» **YOUR GOAL**:
Reproduce the listing in its entirety. Do not reproduce the pictures.

» **PROVIDED MATERIAL**:
*****
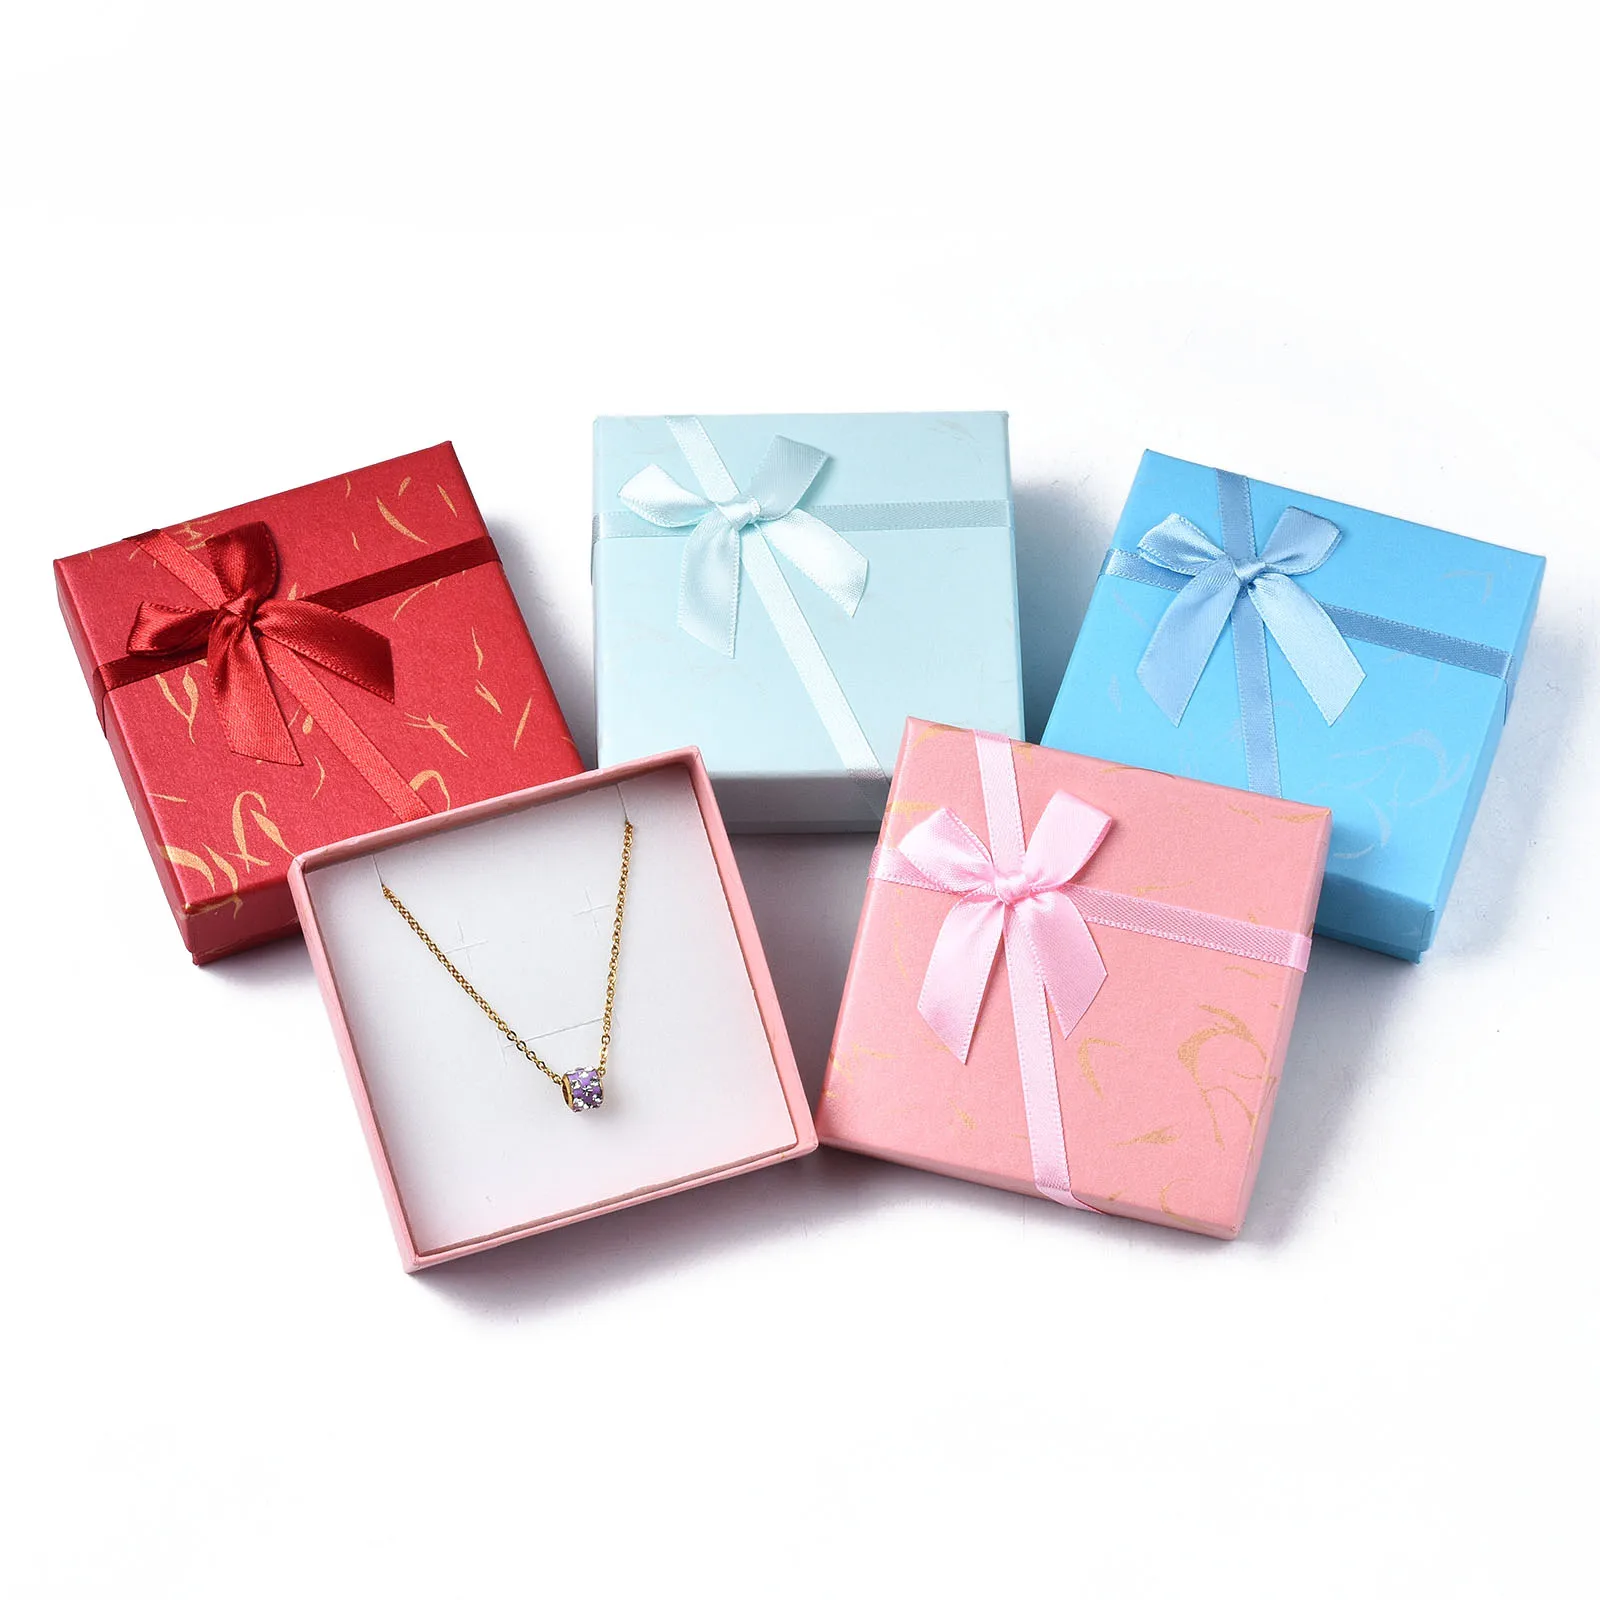 12pcs Square Jewelry Set Cardboard Box Mixed Color with Bowknot Gift Box For Necklaces Earrings Rings DIY Packaging 9x9x3cm
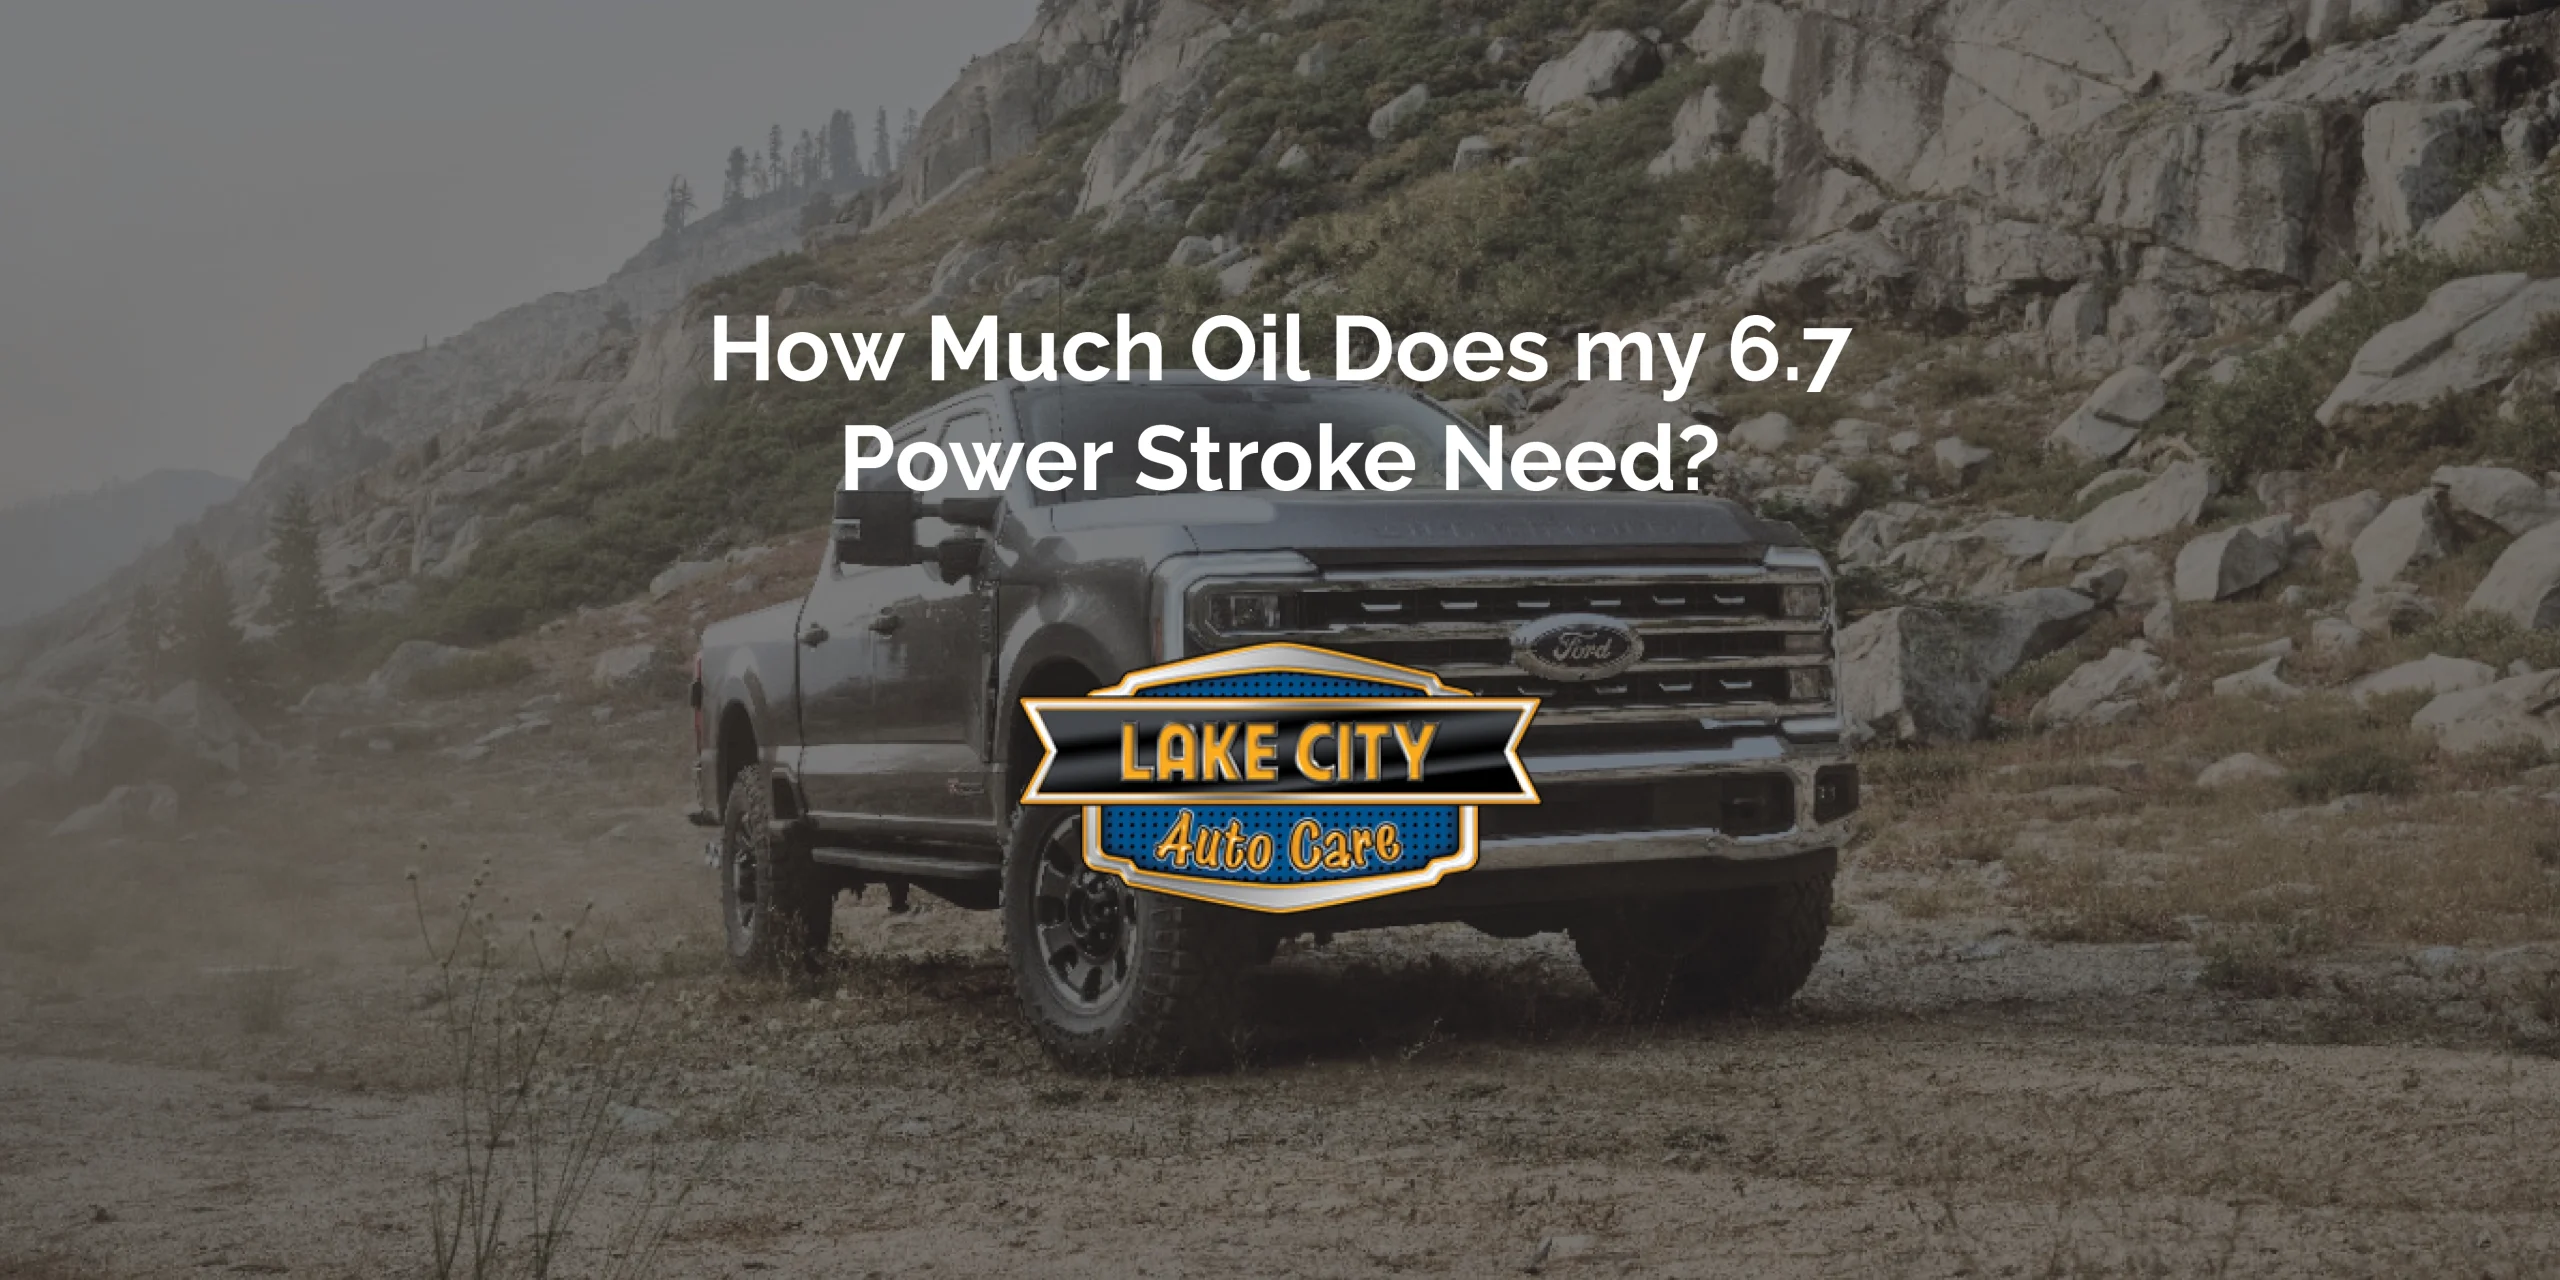 How Much Oil Does My 6.7 Power Stroke Need?
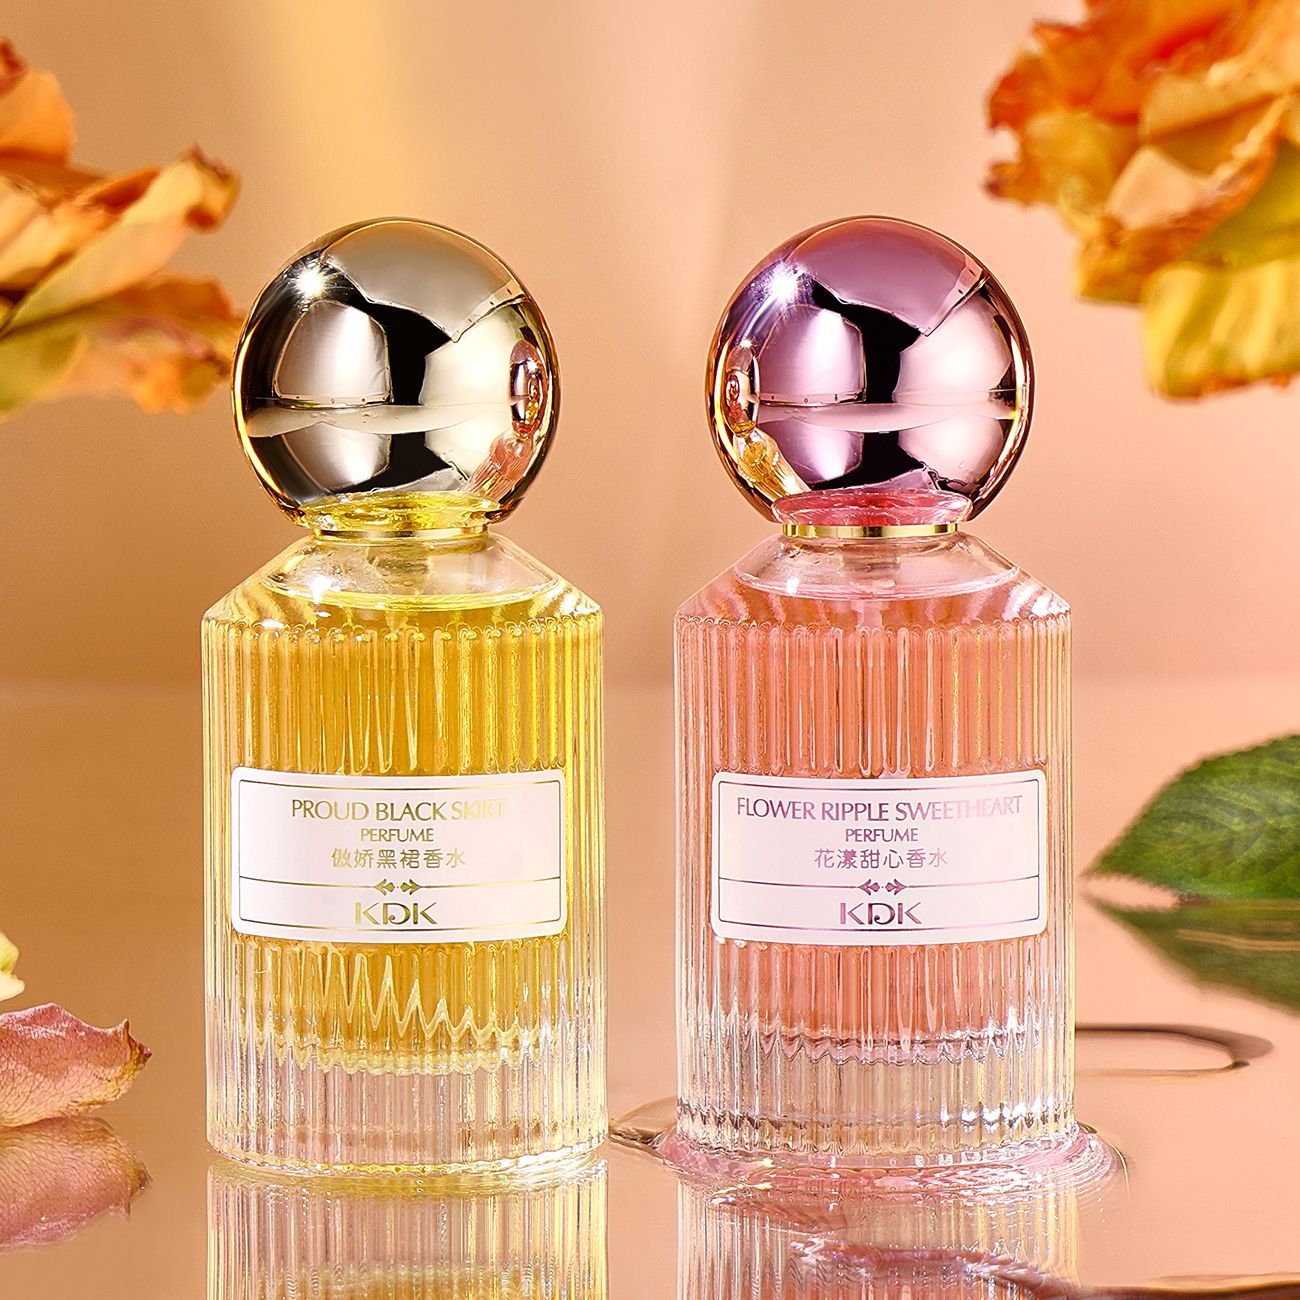 It smells good! Clothes fragrance perfume floral and fruity garden perfume ladies long-lasting light fragrance niche long-lasting fragrance
*****
» **SOLUTION FOR THIS EXERCISE**:
 12pcs Square Jewelry Set Cardboard Box Mixed Color with Bowknot Gift Box For Necklaces Earrings Rings DIY Packaging 9x9x3cm
 How Much Oil Does My 6.7 Power Stroke Need?
 It smells good! Clothes fragrance perfume floral and fruity garden perfume ladies long-lasting light fragrance niche long-lasting fragrance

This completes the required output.